Iran Is Not Venezuela, Regime-Change Skeptics Warn
With Khamenei dead, Trump implores surviving leaders to lay down arms, accept amnesty, or die

As U.S. and Israeli forces launched their joint offensive against Iran early Saturday, President Donald Trump called on the Iranian people to rise up and overthrow the country’s Islamic regime. “Take over your government,” he exhorted them. “America is backing you with overwhelming strength and devastating force. Now is the time to seize control of your destiny . . . This is the moment for action. Do not let it pass.”
That moment may be now, especially since Ayatollah Ali Khamenei, Iran’s Supreme Leader, is dead, killed in air strikes that devastated the presidential complex in Tehran, Trump declared on his Truth Social account.
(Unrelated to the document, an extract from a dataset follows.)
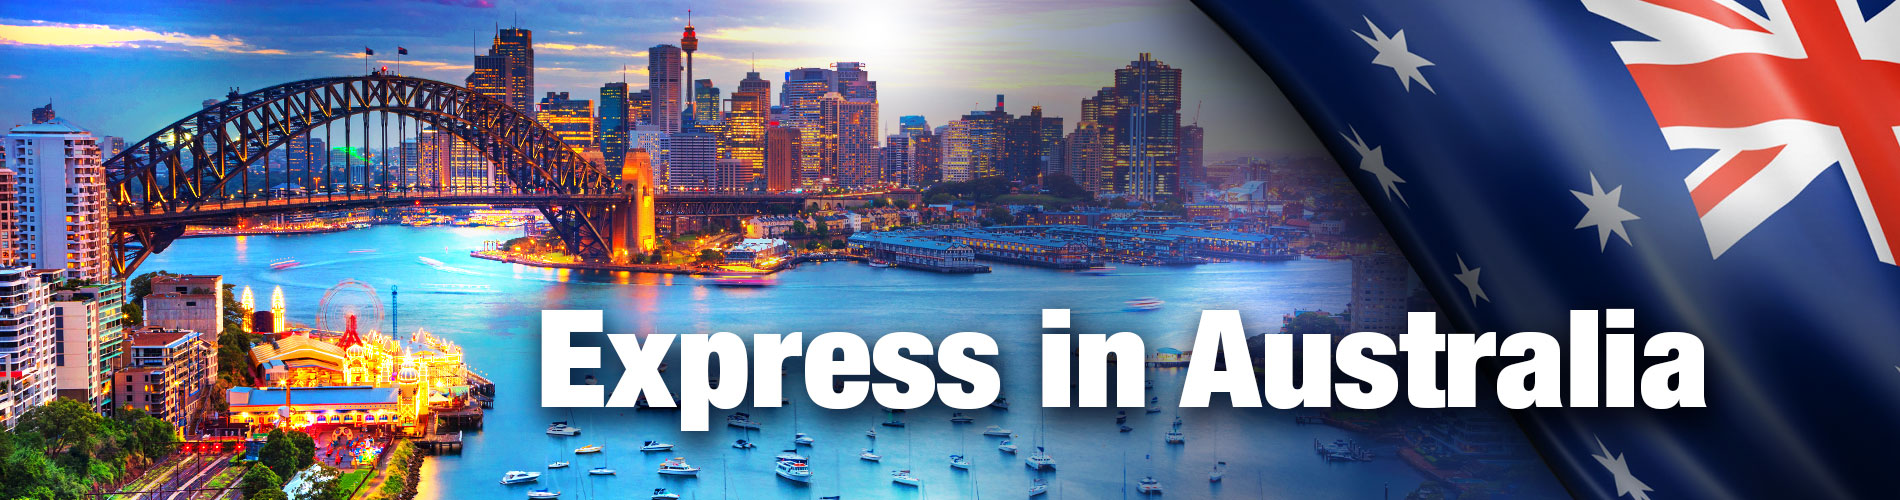 AU_Express-in-Australia_Web-Banner
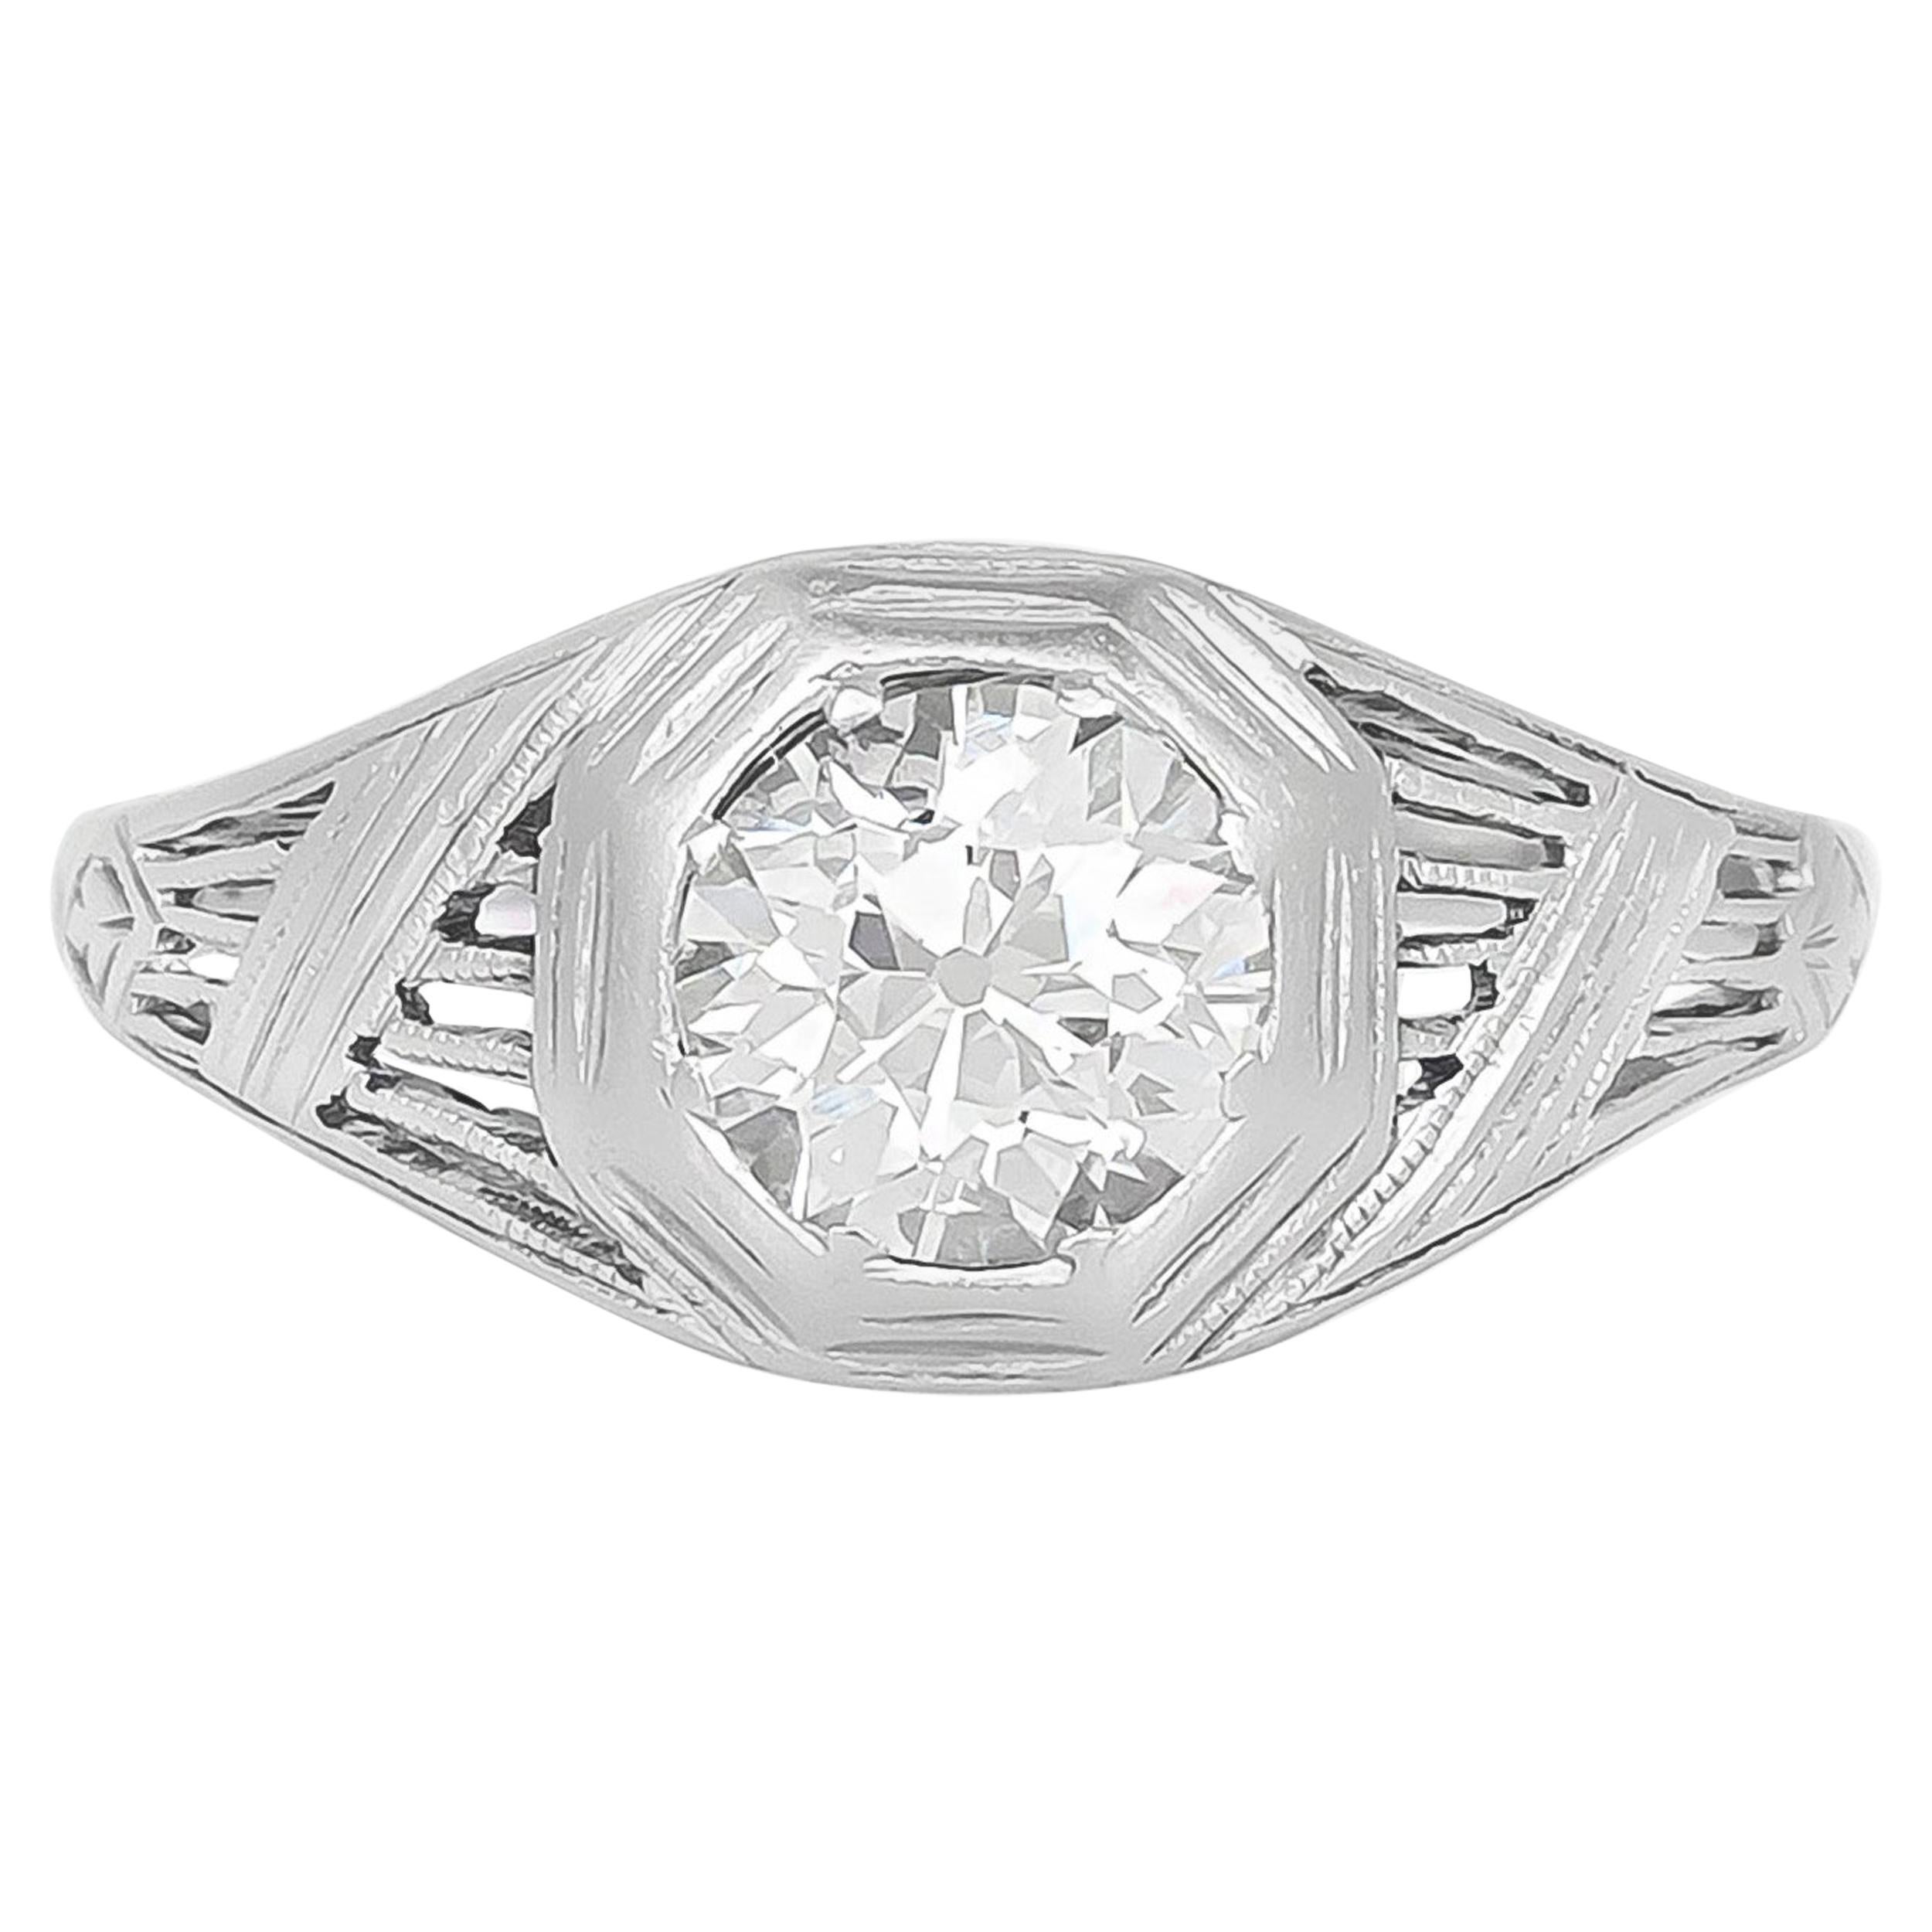 1920s-1930s Platinum Engagement Ring with 1.00 Carat Diamond

There’s been no word yet on other senior officials who may have been killed in the attacks.
Sources tell SpyTalk that the Trump administration’s intent resembles what happened in Venezuela in January—to lop off Iran’s unpopular clerical leadership and invite the next level of officials to cooperate with Washington, however repressive it may remain. Regime change, in other words, would not include opposition figures who’ve led the huge protests that have roiled the country for months. Any IRGC officials who lay down their arms would be offered “immunity,” Trump said when announcing the start of “Operation Epic Fury,” hinting that U.S. intelligence already has made such overtures to that effect. “So lay down your arms, you will be treated fairly with total immunity, or you will face certain death,” he said.